February 08, 2004
10:29p.m.

My weekend seems to have gone by way to fast. I went out Friday night with Ellyn, Dianna, Kim, and a couple of other people to Cowboys for kareokee night. It was a blast. There were a bunch of really great singers...and there were a couple of really really bad ones. Kim's husband kept dragging me out on the dance floor. I can't dance worth a crap, so it was quite embarassing. We had a good time though. I ended up meeting Marcus Giles, the second baseman for the Braves. He was so drunk that he couldn't walk straight, but I got to shake his hand anyway. Dianna had driven me to Cowboy's since she lives on the way, and there was no reason for us to both drive. When we went to leave and she tried to start her van, we were met with a horrible clicking noise. Of course, no one around us had jumper cables, so we had to go back into the bar and beg someone to help us. It was interesting, as every night out with them ends up being.

Saturday, I went with my dad to put the money that Mom paid me back into a savings account.
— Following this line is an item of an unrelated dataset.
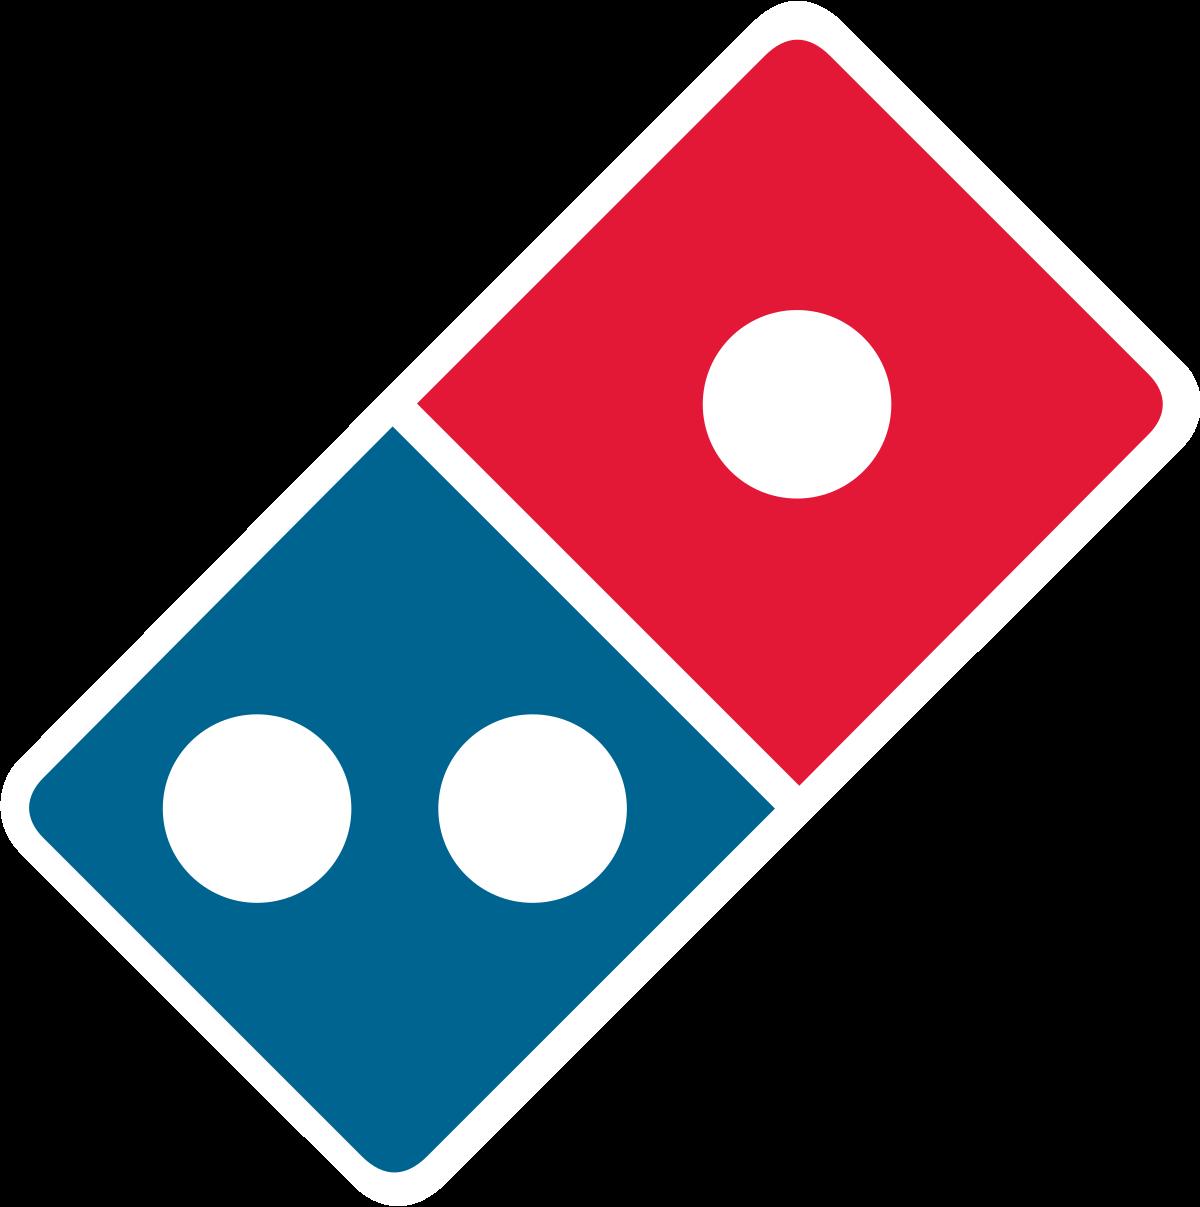 picture black and white stock S pizza wikipedia . Domino clipart background

Now, as soon as we walk into the office, my dad points to the large black Xs that had been put on my hands the night before at Cowboys to show I was under 21, and says 'She was in a night club all last night, she's not in a weird cult or anything.' No hello, or anything, he just launched right into that. I just sat down and put my head in my hands and started laughing. What an introduction. I mean, number one, Cowboy's is about as far from a nightclub as you can get. It's a country/western bar, and number two, the lady was in no way concerned with the faint, barely visible Xs that were on my hands. Then, in the middle of filling out paperwork and stuff, my -father-, the one who actually came up with my name, asks me how I spell my middle name. After I stared at him, opening and closing my mouth, he spells is correctly..but the fact that he even had to ask. :;Shakes head:: My dad reminds me of the absent minded professor sometimes. He's so smart, but he's just lacking one key component sometimes.

Heh, Dr. C had a blonde moment to end all blonde moments. She stopped at a gas station on the way back from one of her calls the other day, and some how or another managed to grab the deisel nozzel. Now, instead of realizing it was the wrong nozzel when it wouldn't fit into her tank, she simply stood there and let it drain in. Once she got half her tank full, she realized that it was the wrong gas. Then, she calls Boss Man, who, well, I wouldn't have called, and he tells her to just fill the rest of the tank up with regular gas and drive to the clinic. ::snorts:: Needless to say, that wasn't the right idea. I think the final price was around five hundred dollars to get the engine cleaned out. Dr. C has threatened death to anyone who brings it up to her, unfortunately, most of us aren't too frightened. Stella is so proud that the number one blonde moment no longer belongs to her. She put a corn dog in the microwave for 20 minutes instead of 2, and it set off the smoke alarms, causing the fire department to come... it was a very interesting day.

History is still quite boring, although I finally managed to get a hundred on one of his quizes. I kept missing one or two on every quiz, and it was simple mistakes. I was quite proud...every one else I told just rolled their eyes at me. I'm a perfectionist, so sue me :)

Oh well, I am off to bed, my evil alarm clock goes off way too early in the mornings. I love my job, but I DESPISE getting up before it is even light outside. Hmph.